В тот же день, я еще два раза заходил к бедному отцу Продрому, проходя мимо его кельи. Думаю, что недолго еще жить ему. Все, кого я ни спрашивал, отзывались об нем с особенной похвалою, и новым инокам ставили в образец.

«Господи Иисусе Христе Сыне Божий помилуй нас»,— сказал я у двери отца Арсентия, следуя монастырскому [210] порядку. «Аминь», — был ответ за дверью, и я вошел в светлую, просторную, но нестерпимо жаркую келью отца Арсентия. Потом я заходил к нему вечером, и еще более чувствовал здесь духоту, при всем том, что окно было отперто. Отец Арсентий был псаломщиком при штате Князя Потемкина; потом находился при взятии Очакова, за тем по пути жизни забрел в Иерусалим, и вот уже более 40 лет в духовном сане в святой земле. Светлый и хитрый ум виден в живых речах его. Он выучился говорить чисто по-гречески и при известном пожаре Иерусалимского храма в 1807 году — был заперт внутри его в числе прочих монахов на страже у гроба Господня. Потом послан был в Россию для сбора на постройку храма, и, для большего в этом успеха, посвящен был в Константинополе, при проезде, в сан Архимандрита.
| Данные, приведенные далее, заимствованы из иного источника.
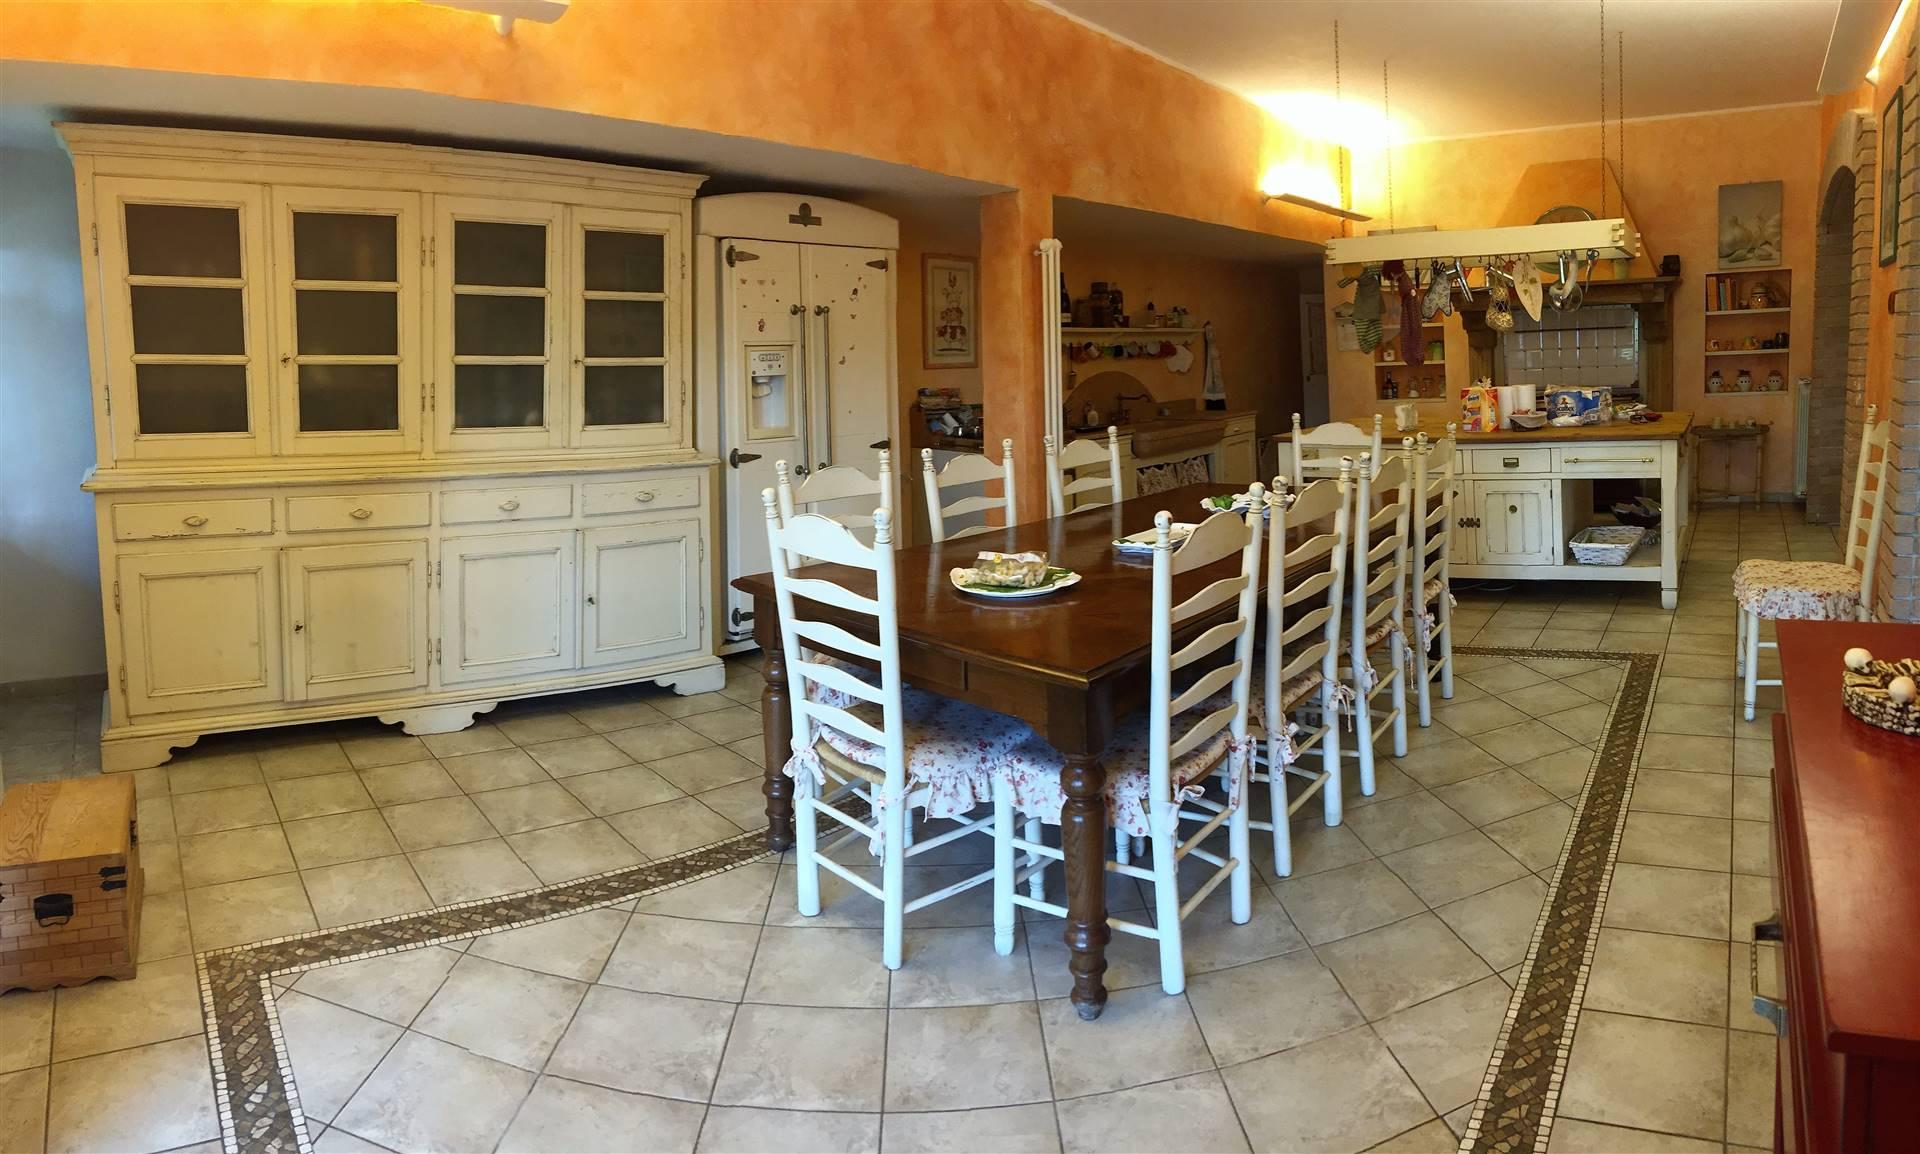 Appartamento in vendita a Riccò del Golfo di Spezia, 9 locali, zona erara, Trattative riservate   PortaleAgenzieImmobiliari.it
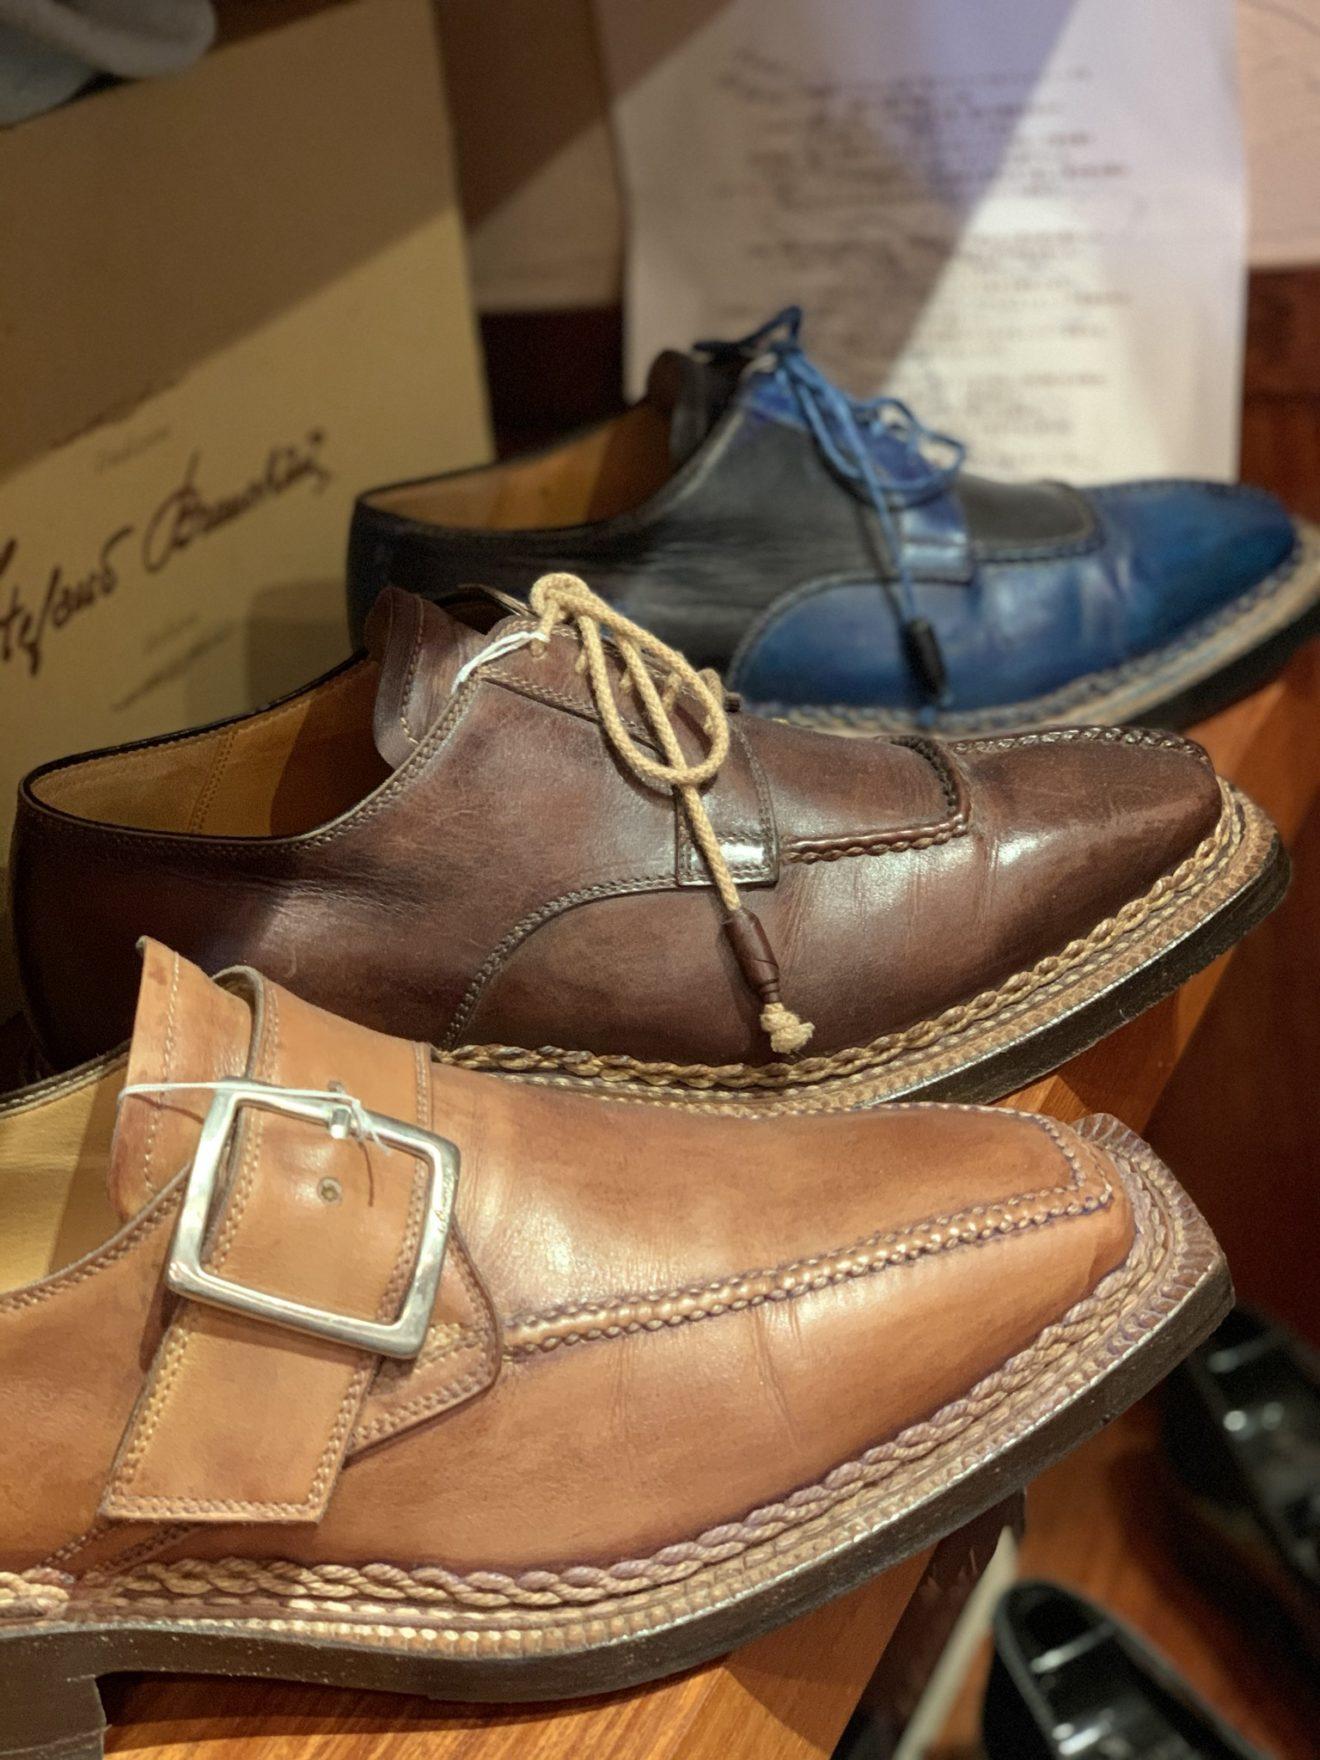 正統な紳士靴を嗜むvol.43〜孤高のイタリア靴ブランキーニ

От него я узнал некоторые любопытные подробности о помянутом пожаре, которых ни у кого не читывал. Пожар этот не обинуясь он приписывает умыслу Армян. Поджегший, говорит он, был прежде всех вне опасности; но потом воротился за своими деньгами, которые забыл взять, и которые были запрятаны в гробницах Иосифа и Никодима. Когда он проходил обратно чрез храм, огонь достиг уже купола и все было в пламени; свинец, которым покрыть был купол, растопился и лил дождем, и этим-то дождем его залило. Когда после пожара очищали площадь храма, то несчастную жертву нашли под кучами развалин полуистлевшею и лежащею ниц на своем золоте. — Все новейшие Французские путешественники обвиняют Греков в умышленном уничтожении бывших под Голгофою и пощаженных огнем гробниц Иерусалимских Королей Годофреда и Балдуина, говоря даже, будто прах их был выброшен вон. — «Эти две великие тени,—замечает Пужула в письме своем к Мишо,— изгнанные из храма, некогда покоренного мечем их, имеют только вашу историю единственным убежищем, последним монументом». — Читая это нельзя не разделять негодования Автора; — но я не вполне [211] доверял этому слуху. Я воспользовался беседою с Архимандритом Арсентием, который NB Греков весьма не жалует, и спросил его, справедливы ли эти рассказы Французов. Он отвечал мне, что бывшие сверху гробниц мраморные доски с надписями, как и весь мрамор в храме, сгорели и превратились в известь; но тел, которые находились внизу, положительно никто не трогал, да и пол отнюдь разрушаем не был. Я был рад этому свидетельству очевидца.

Перед вечером я всходил на башню Юстиниана, и виделся там с четвертым и последним моим земляком, кажется, тем самым, о котором Г. Муравьев упоминает в своем путешествии. Будучи на вершине этой башни, услыхал я густой звон монастырского, Русского колокола к вечерней молитве. Трудно изъяснить чувства, которые пробудились в душе моей, как Русского, при этом родном звоне, которого я уже более года не слыхал нигде на Востоке; трудно удержать полет думы туда — далеко — за моря — на север, — и я прочел про себя исполненные меланхолии стихи незабвенного слепца поэта:

Вечерний звон, вечерний звон!
Как много дум наводит он
О юных днях в краю родном,
Где я любил, где отчий дом,
И где я, с ним на век простясь,
Там слышал звон в последний раз!

Отец Савва уже очень давно живет здесь, помнится более 20 лет. Я спрашивал его о раздаче хлеба Арабам и узнал, что прежде давали два раза и более в неделю на 160 человек, по 8 хлебцов на каждого; но Ибрагим Паша, во время Египетского владычества, освободил их от этой раздачи, что остается в таком положении и до сих пор. Здесь скажу мимоходом, что Ибрагим Паша весьма покровительствовал Христианской церкви, как того никогда и нигде под Мусульманским владением не бывало. [212] Об этом времени монахи вспоминают, как о золотом веке для Христианской религии в Палестине.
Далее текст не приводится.